Frankfurt/Main (rpo). Vor rund fünf Jahren drückten drei Beamte des Bundesgrenzschutz (BGS) einen sudanesischen Asylbewerber bei dessen Abschiebung so heftig in seinen Flugzeugsitz, dass der Mann erstickte. Jetzt müssen sich die Beamten in Frankfurt/Main vor Gericht verantworten. Am ersten Tag schwiegen sie.

Die Staatsanwaltschaft warf ihnen in dem Prozess vor dem Amtsgericht Frankfurt am Main fahrlässige Tötung vor. Die Beamten im Alter zwischen 31 und 40 Jahren sollen der Anklage zufolge Aamir Ageeb in einem Flugzeug so heftig nach unten gedrückt haben, dass er erstickte. Zum Auftakt des Prozesses haben die drei angeklagten BGS-Beamten am Montag die Aussage verweigert.

Menschenrechtsorganisationen protestierten zu Beginn des Prozesses gegen die Abschiebepraxis in Deutschland. Der 30-jährige Ageeb leistete der Anklage zufolge bei seiner Abschiebung am 28. Mai 1999 heftigen Widerstand und wurde deshalb an Händen und Füßen gefesselt; auch ein Helm wurde ihm aufgesetzt. Im Flugzeug drückten ihn die Beschuldigten demnach kräftig nach unten.

Ageeb habe versucht, sich aufzurichten, sei aber unten gehalten worden, sagte Staatsanwalt Justus Koch. Dann habe der Widerstand Ageebs "abrupt" nachgelassen. Ein Arzt, der sich unter den Passagieren im Flugzeug befand, wurde herbeigerufen und versuchte vergeblich, ihn mit einer Herzmassage wiederzubeleben. Koch warf den Angeklagten vor, sie hätten erkennen müssen, dass durch ihr Vorgehen der Tod habe eintreten können.

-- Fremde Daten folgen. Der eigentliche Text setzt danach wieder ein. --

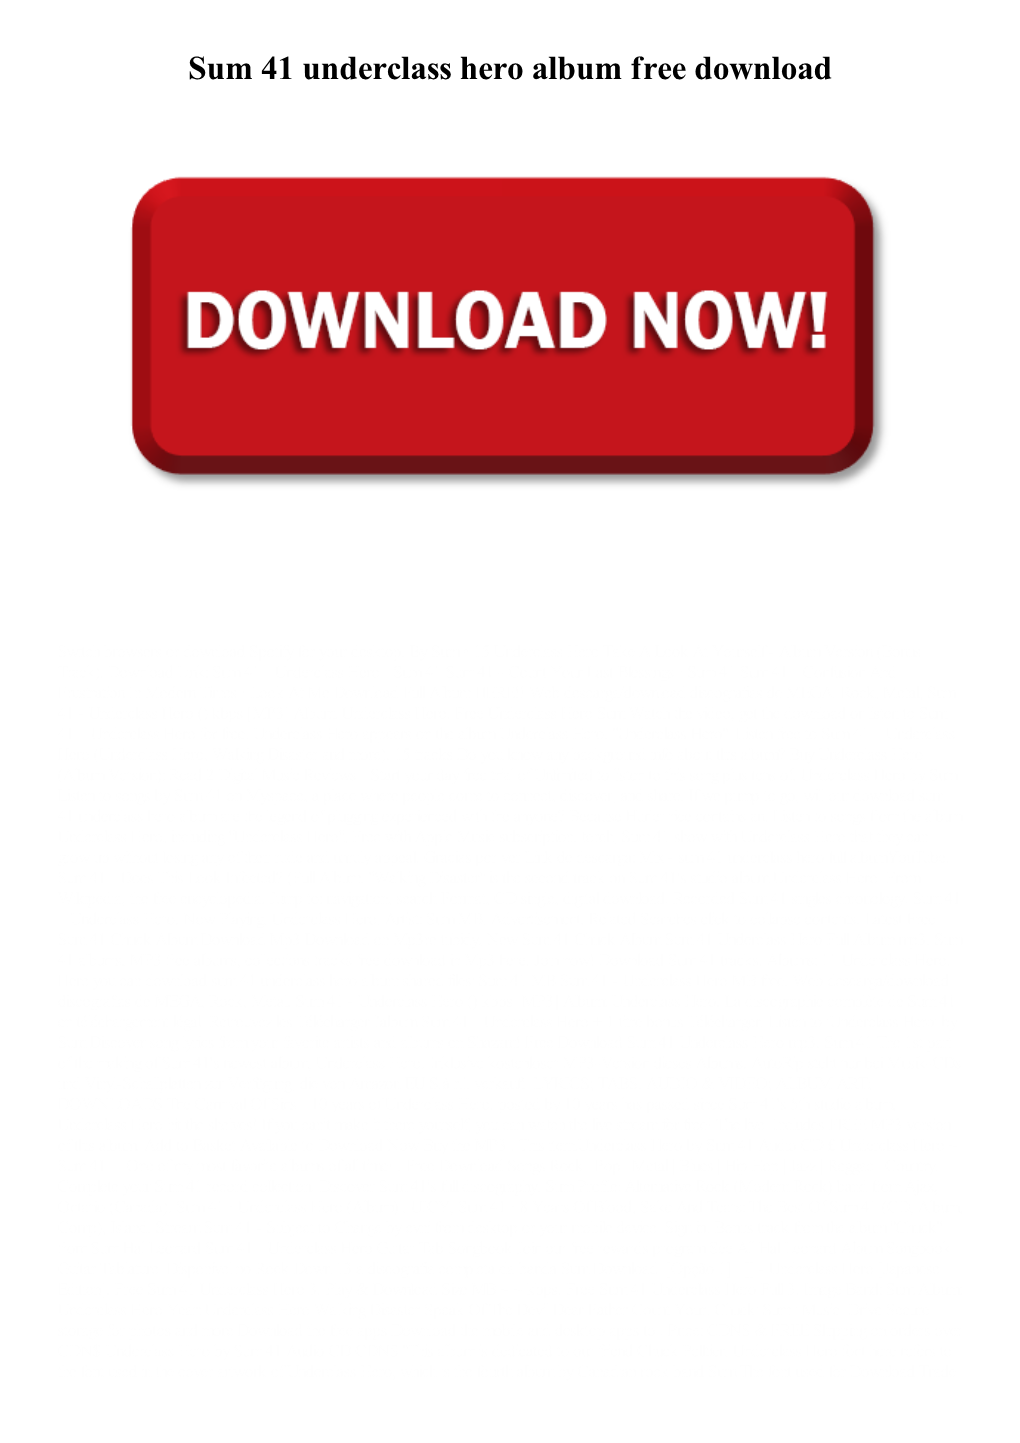 Sum 41 Underclass Hero Album Free Download
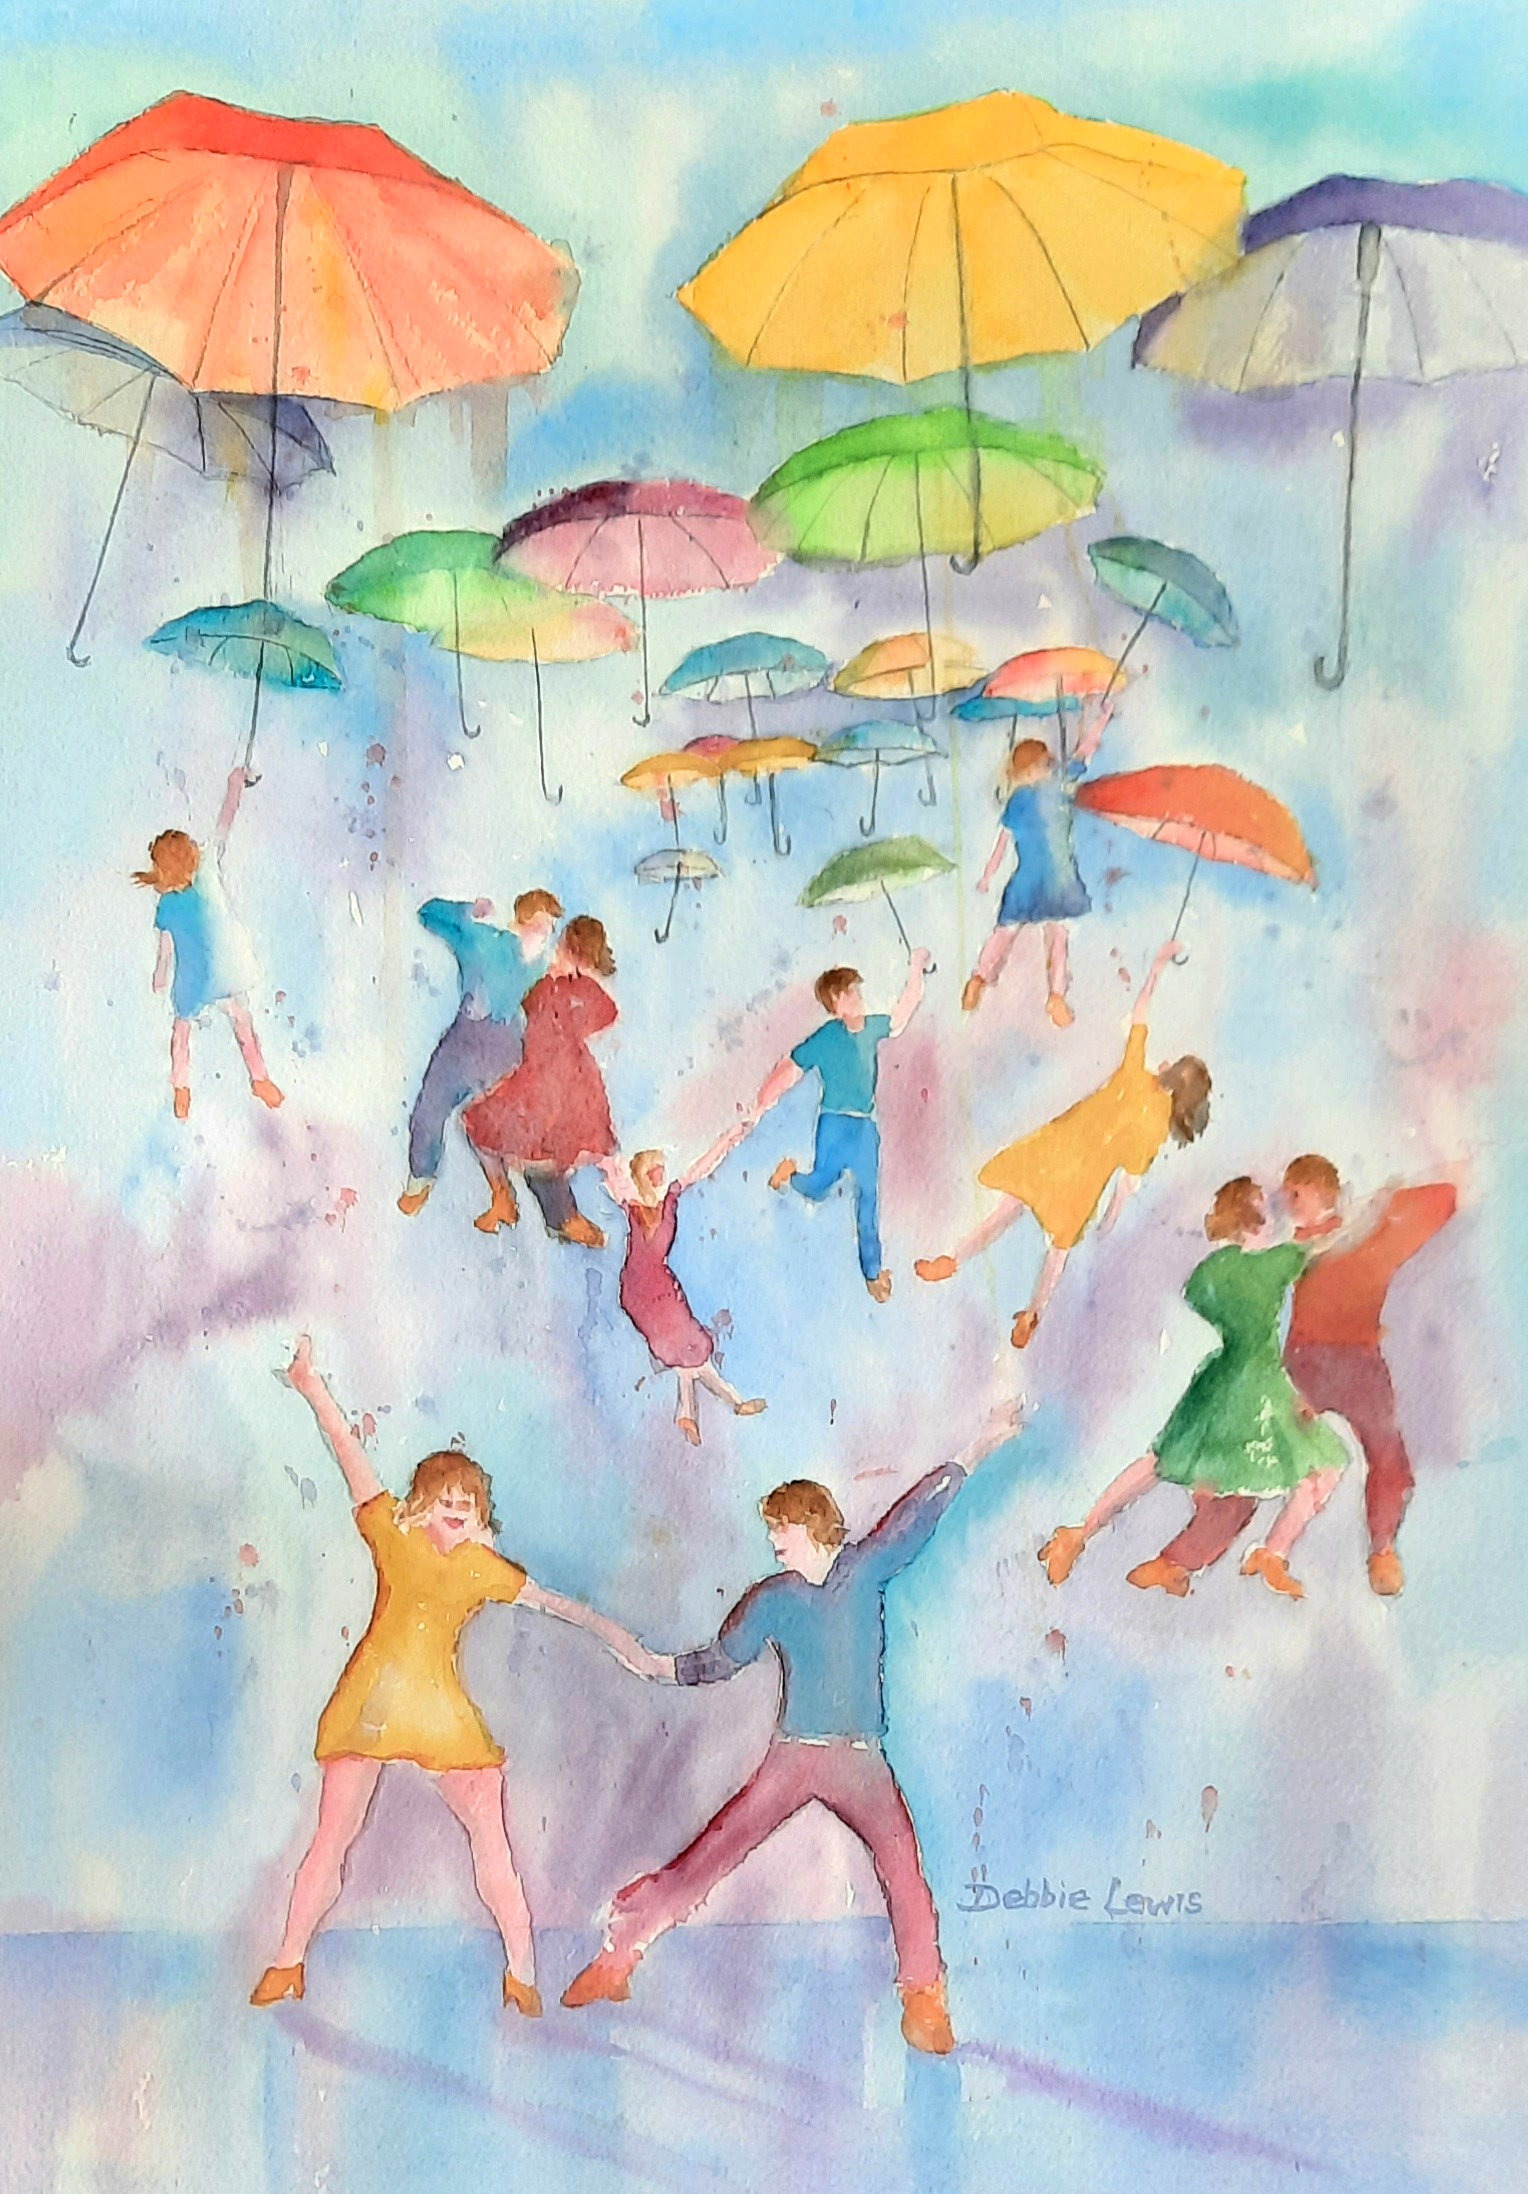 Dancing in the rain or shine sqsyll

Vor Beginn des Verfahrens protestierten am Montag Menschenrechtsorganisationen vor dem Gerichtsgebäude gegen den Einsatz von Gewalt bei Abschiebungen. Pro-Asyl-Sprecher Bernd Mesovic sagte, er erhoffe sich von dem Verfahren auch eine Aufklärung der gesamten Vorgänge bei der Abschiebung.

In dem Prozess sollen nach Vorstellung von Pro Asyl und anderer Organisationen unter anderem auch die Ausbildung der Beamten und die damaligen gesetzlichen Vorschriften zur Sprache kommen. Mesovic verwies darauf, dass nach dem Tod Ageebs zum ersten Mal eine "umfassende, klare Dienstanweisung" für Abschiebungen erlassen worden sei. Darin heiße es, es dürfe keine Abschiebung "um jeden Preis" geben. Pro Asyl forderte zudem die Schaffung unabhängiger Überwachungsgremien, um den Einsatz exzessiver Gewalt wirksam zu verhindern.

Kritisiert wurde auch der späte Beginn des Prozesses um den Tod des Sudanesen. Dies sei "äußerst bedenklich", sagte Rechtsanwalt Dieter Kornblum, der die Familie Ageebs als Nebenkläger vor Gericht vertritt. Das Verfahren hätte schon zwei oder drei Jahren nach dem Vorfall beginnen können, zeigte sich der Anwalt überzeugt.

Am ersten Tag des Verfahrens wurden weitere BGS-Beamte als Zeugen befragt, die an der Abschiebung Ageebs beteiligt waren. Einer von ihnen räumte ein, dass viele Beamte bei Abschiebungen im Flugzeug Flüchtlinge nach unten gedrückt hätten. Es habe sie niemand darauf hingewiesen, dass dies lebensgefährlich sein könne. Der Prozess ist zunächst bis Ende Februar terminiert.